There are other signs that winter is losing its grip.  The male House Finches that spent the winter with us are growing their bright red “attract a female” plumage, our feeders are being drained of seed more rapidly, at our store hummingbird feeders are selling even though it will be more than a month until the hummingbirds begin to arrive, and we are writing about the spring migration and looking for the hay fever medications.

Billions of birds migrate twice a year, some from the far tips of the southern hemisphere to the far northern tips of the northern hemisphere.  Passerines fly in great flocks to the boreal forest of Canada to breed.  Hummingbirds by the millions make the hazardous journey from Central America to North America.  Raptors of all types climb into the skies and head north. They’ve been doing it since long before there were humans to observe it, even long before the continents assumed their current shapes and sizes.  (For perspective, the first true birds appeared about 145 million years ago.  Modern birds had evolved and most survived the great K-T extinction at the end of the Cretaceous which wiped out the dinosaurs.  That was about 65 million years ago.  Homo Sapiens have been here for only about 250,000 thousand years.)

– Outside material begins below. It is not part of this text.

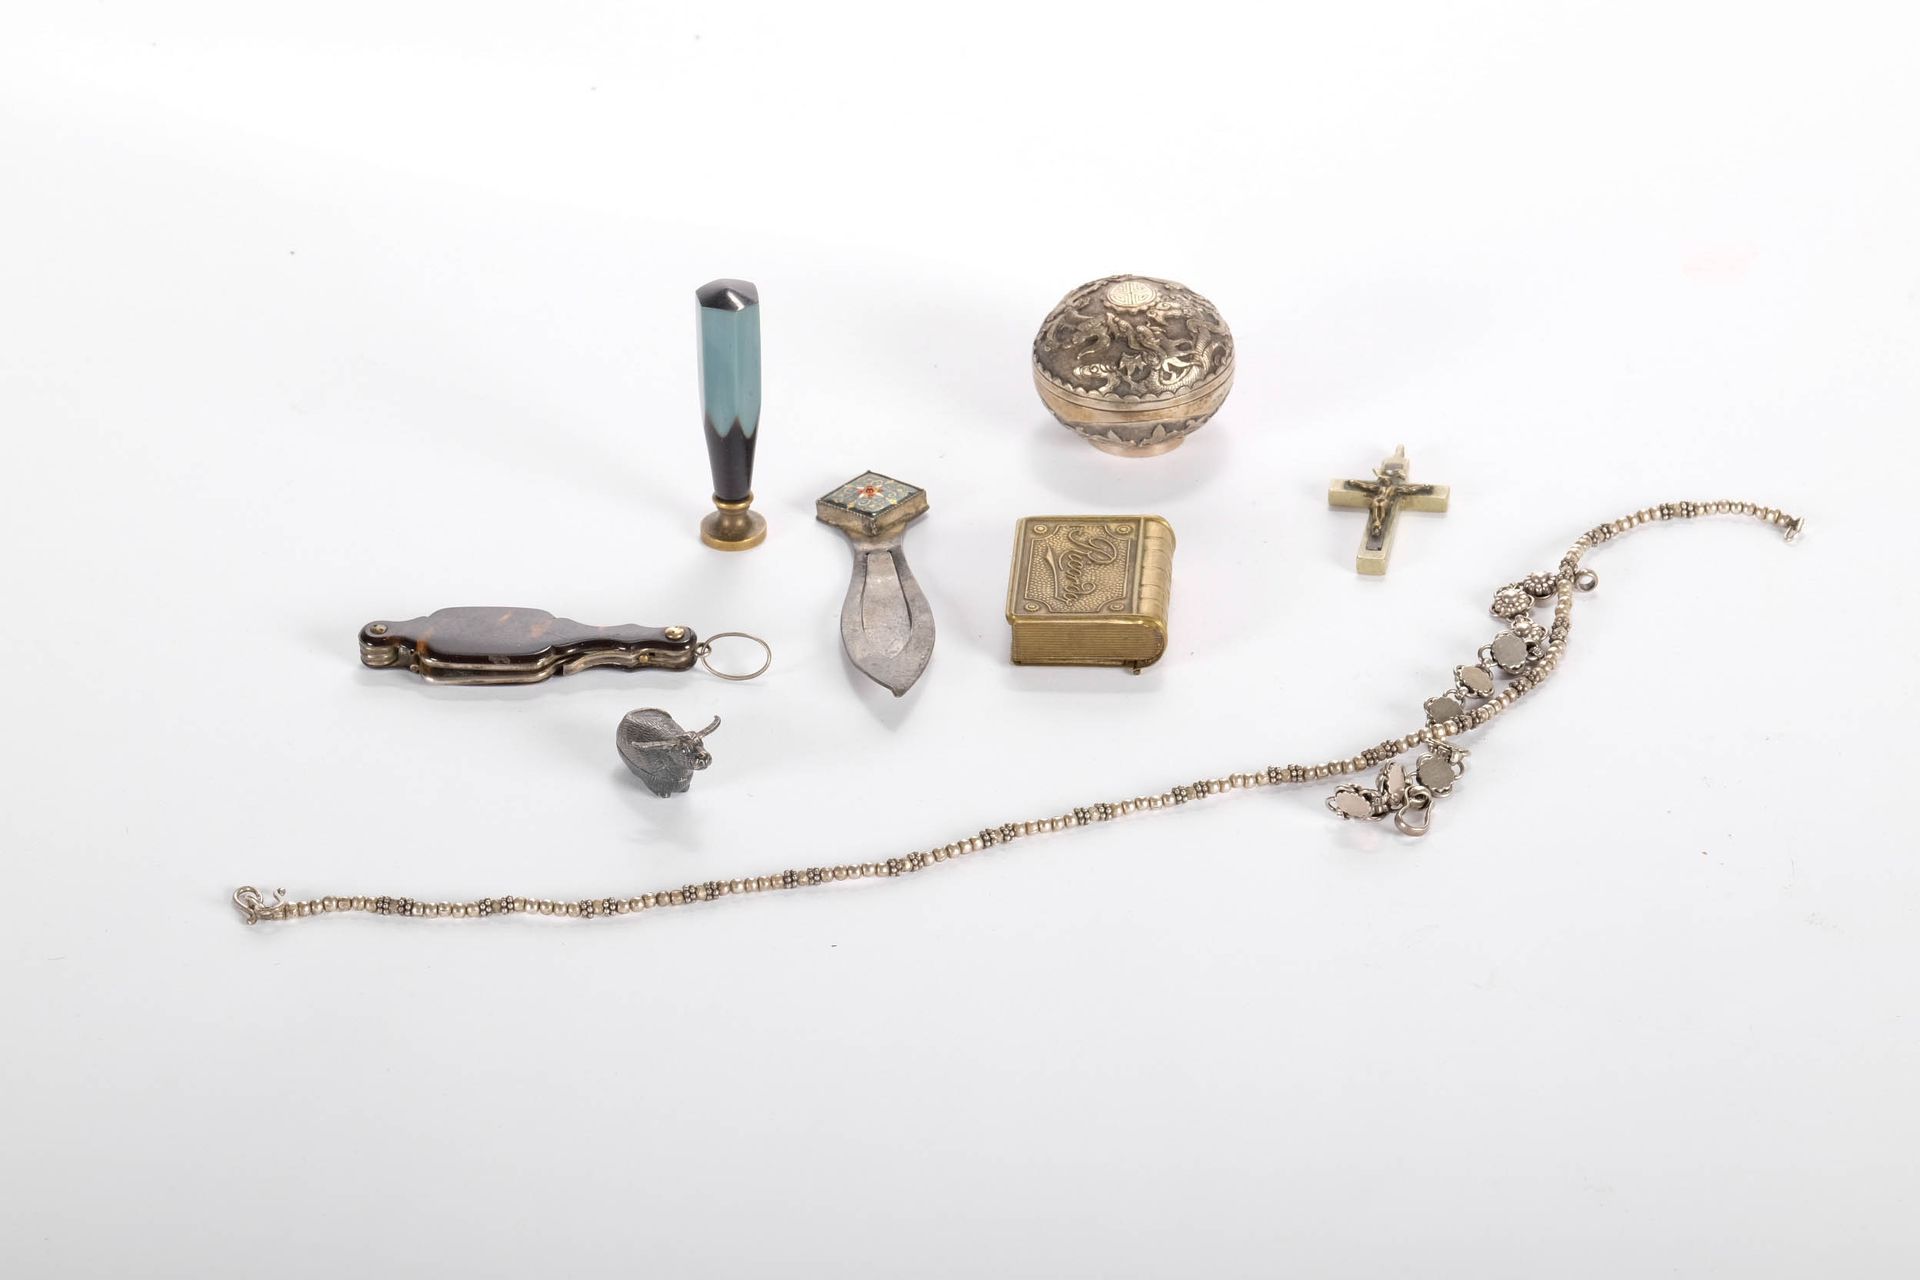 Bijouterie, objet de vitrine 展示品和珠宝；一些银制品。

The earth 50 million years ago

The earth 50 million years ago

Science is not certain exactly how they do it.  Some elegant experiments have tried.  Perhaps it has something to do with the position of the sun in the sky?  No.  Make the birds fly only at night and they unerringly find their way home.  Maybe they navigate by stars?  No.  Make them fly only during the day and home they go.  Subtle fluctuations in the earth’s magnetic field?  Possibly.  But put them in a screwed up magnetic field and they orient in the right direction to go where they are supposed to go.  Tiny maps in an onboard computer?  Could be. but scientists have played games with bird brains and still they go home.

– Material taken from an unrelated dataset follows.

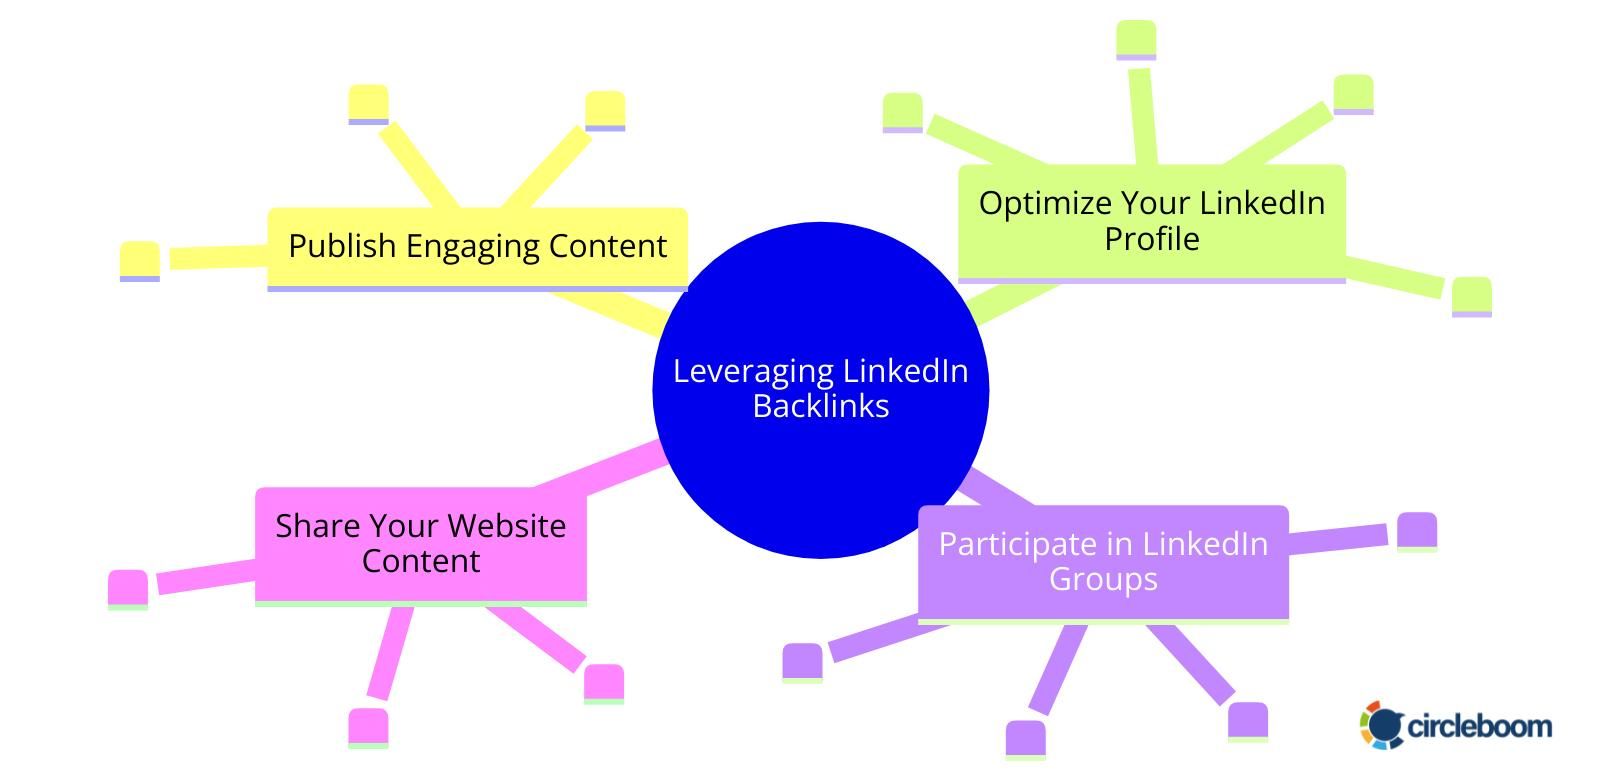 Leveraging LinkedIn Backlinks

Most likely it is a combination of all of the above.  They fly thousands of miles and return to the same square foot of earth they left months earlier.  Some can even do it even though they’ve never been there before.  Many bird species migrate without parents teaching their offspring where to go, yet the youngsters get there all the same.  They fly in such numbers that they are visible as huge clouds on radar screens.

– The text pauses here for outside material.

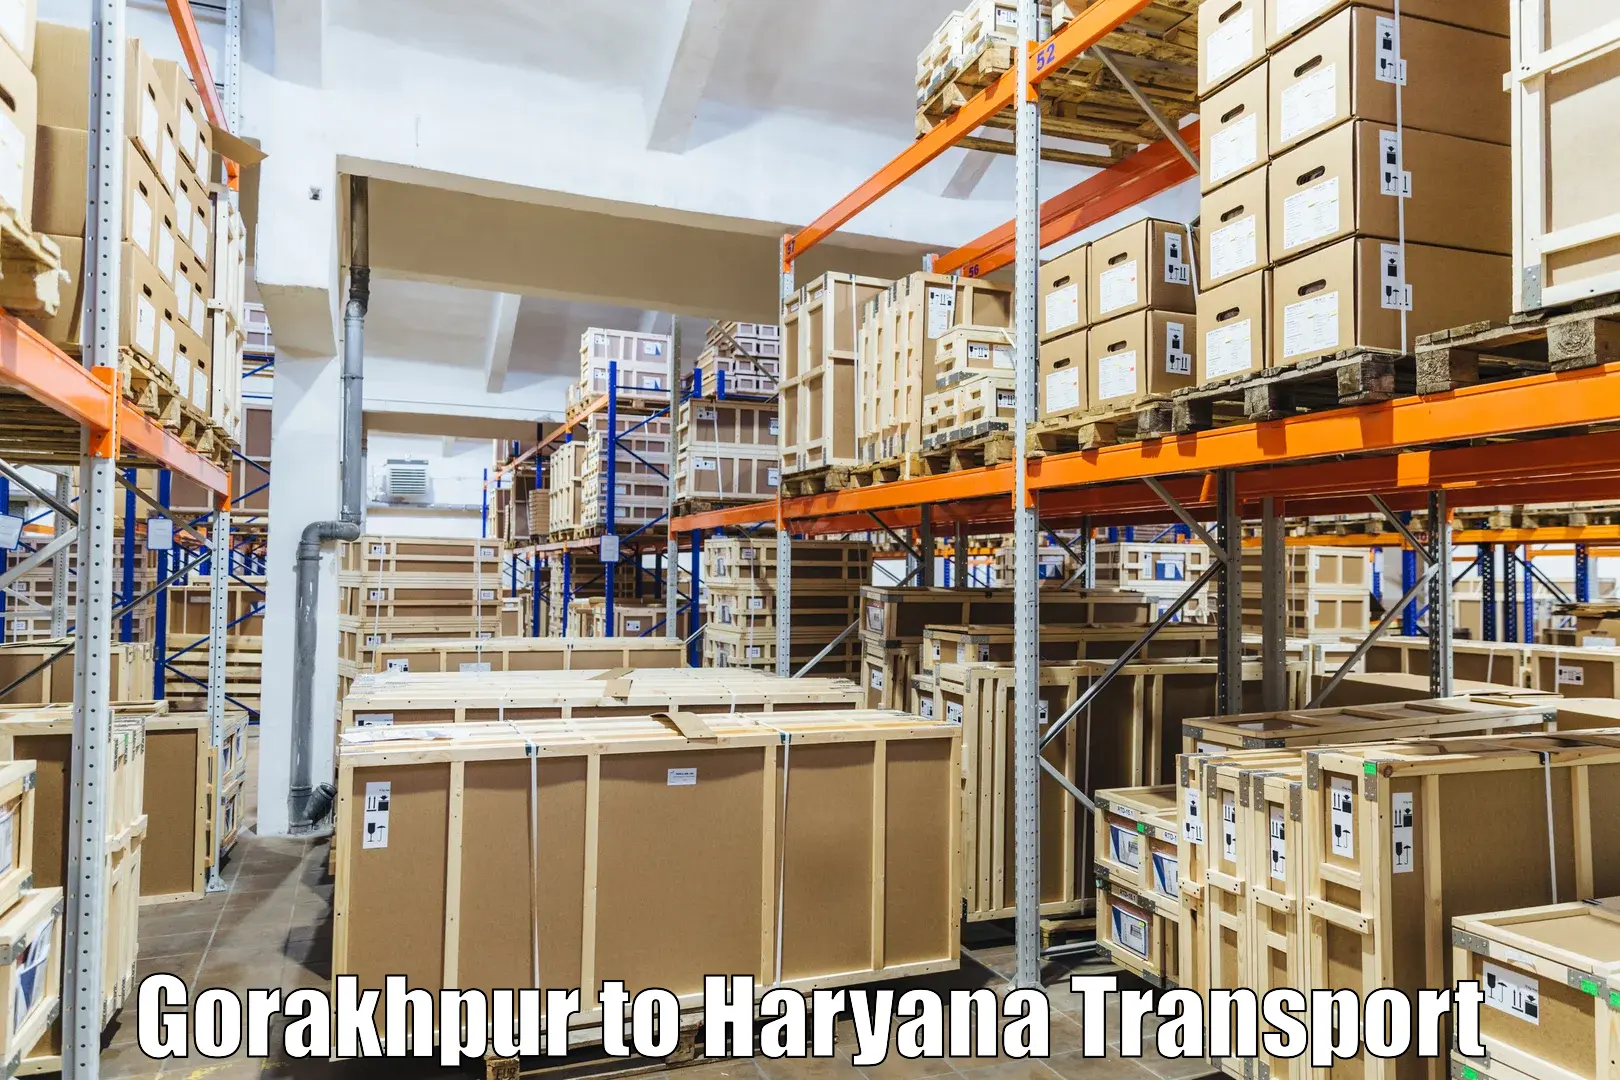 Bike shipping service Gorakhpur to Bilaspur Haryana

Weather Radar Image of Migrating Birds

Weather Radar Image of Migrating Birds

Of course, birds are stellar navigators.  Raise homing pigeons in a mobile loft and send them off to forage one morning and then, while they are gone, move their home to the next county and they will show up at the relocated loft in time for dinner.  Nobody knows for sure how they do that either.  Not all of life’s questions have been answered.

Wonder is an underrated emotion and, as we’ve often said before, calling someone a “bird brain” is not an insult.